Weaknesses: Wyatt's obsession with Aunt Hildy's chest was a bit creepy, but otherwise, I adored this!

22718705Hoose, Phillip. The Boys Who Challenged Hitler: Knud Pedersen and the Churchill Club.
May 12th 2015 by Farrar, Straus and Giroux (BYR)

E ARC from Netgalley.com

In this wonderful piece of narrative nonfiction, Hoose brings us the experience of Knud Pedersen in his own words. As a Dane, the teenaged Pedersen was perturbed that his government had caved so easily to the Nazis demands, agreeing to cooperate with the Nazi soldiers in exchange for relative safety. While Norway was fighting the Nazis, it took a while before opposition to the Nazis took hold in Denmark, and that opposition was started by a group of teenagers headed by Pedersen. At first, the boys contented themselves with painting graffiti and doing small amounts of damage to Nazi property, but soon escalated to major acts of arson as well as stealing weapons and accumulating quite an arsenal. When the Danish people saw that not everyone was acquiescing to Nazi demands, the Resistance was able to take off. The Churchill Club, as the group called itself, continued to bedevil the Nazis, although the boys found it difficult to think about actually killing the soldiers. Eventually, the group was found out and arrested, and spent a lot of time in various jails. By this point, however, the Resistance was going full force. Luckily for the boys, they were tried by Danish officials and, in part because of their age, were not sentenced to death.

Based on intensive interviews with Knudsen, as well as Knudsen's amazing archive of photographs and research, this well-researched book tells a riveting tale of people who stood up for what they believed, even though they were very young. I have always been interested in the various resistance groups, especially since most of them utilized my primary source of transportation-- the bicycle!

Since we have been requiring students to read more nonfiction, this is a title I will order eagerly. This was a great length, had amazing primary source information, and was extremely interesting. I am so glad that Hoose followed up on a forgotten e mail with Pedersen, because this was a fantastic book.

11 comments:

Holly Mueller said...

Both of these look wonderful! I haven't heard of either one, so I'm glad you brought them to my attention.

Greg Pattridge said...

I will definitely be reading these two, and I'm sure recommending them to some of my reluctant readers. Thanks for the heads-up.

Kathy Martin said...

These both sounds really good. I think they'd both fit in really well at my MS/HS Media Center. Thanks for sharing about them. Come see what my week was like here. Happy reading!

MrsB Reads said...

Wow!

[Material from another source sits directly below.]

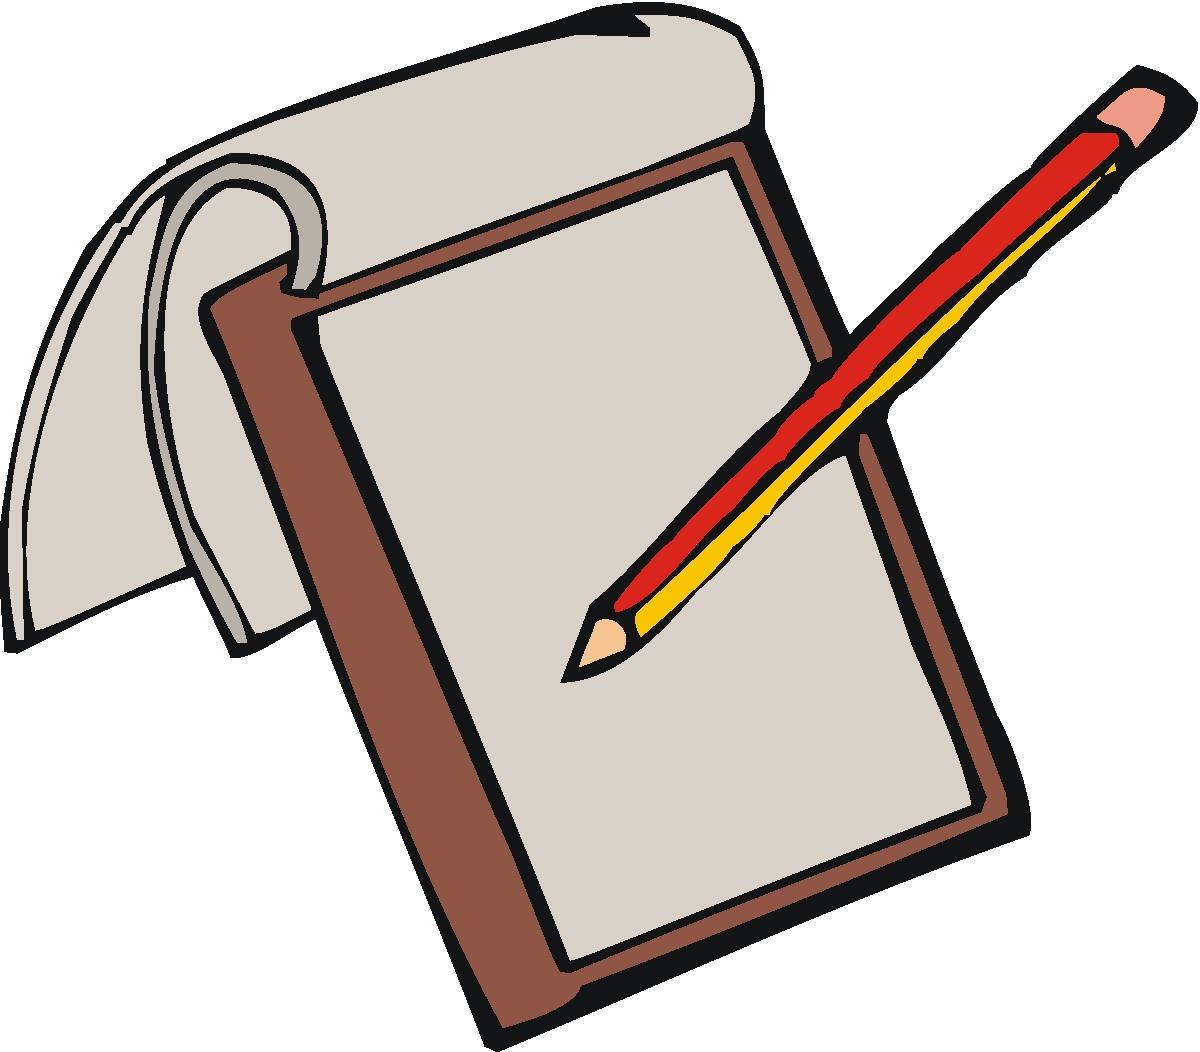 assessment clip art cliparts co Book Clip Art paper and pencil clipart
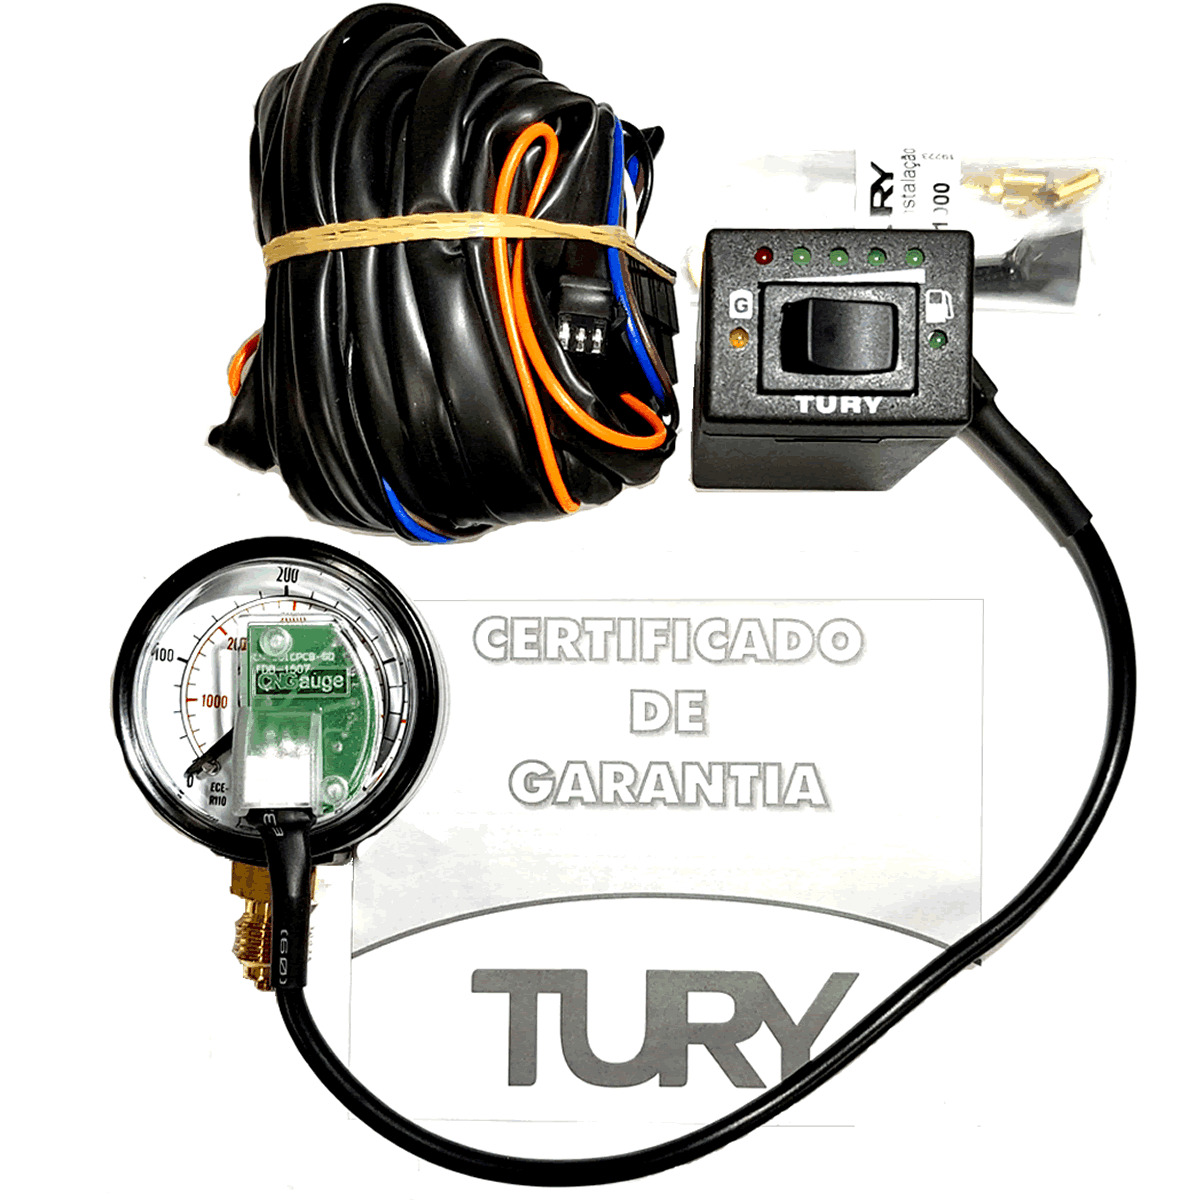 Kit Elétrico TURY GAS T1000 A Chave Manômetro e Chicote

Both books look great! Will be adding Fort to my TBR pile!

Rosi said...

These both sound so good. My TBR list just gets longer and longer! Thanks for the reviews.

Cheriee Weichel said...

Since you have given both of these rave reviews, I know I can order them immediately. Thank you thank you!

Kay said...

I love PHillip Hoose books, and this new one looks amazing! FORT also looks good.

readingpowergear said...

These are both new titles for me and both sound amazing! Even though I teach younger students, I love the sound of Fort for my son. Thank you!

LInda Baie said...

I love non-fiction, will certainly look for The Boys Who Challenged Hitler, Karen. I know nothing about the Danish history, so find it fascinating that a group of teens were the force that helped the resistance.

Michele Knott said...

I'm hearing some great things about The Boy Who,.... I'll have to check it out!

Myra Garces Bacsal said...

Wow! Such high praises for The Boy Who... will definitely have to check that one out. Would have been a perfect addition to our war and poetry reading theme several months back.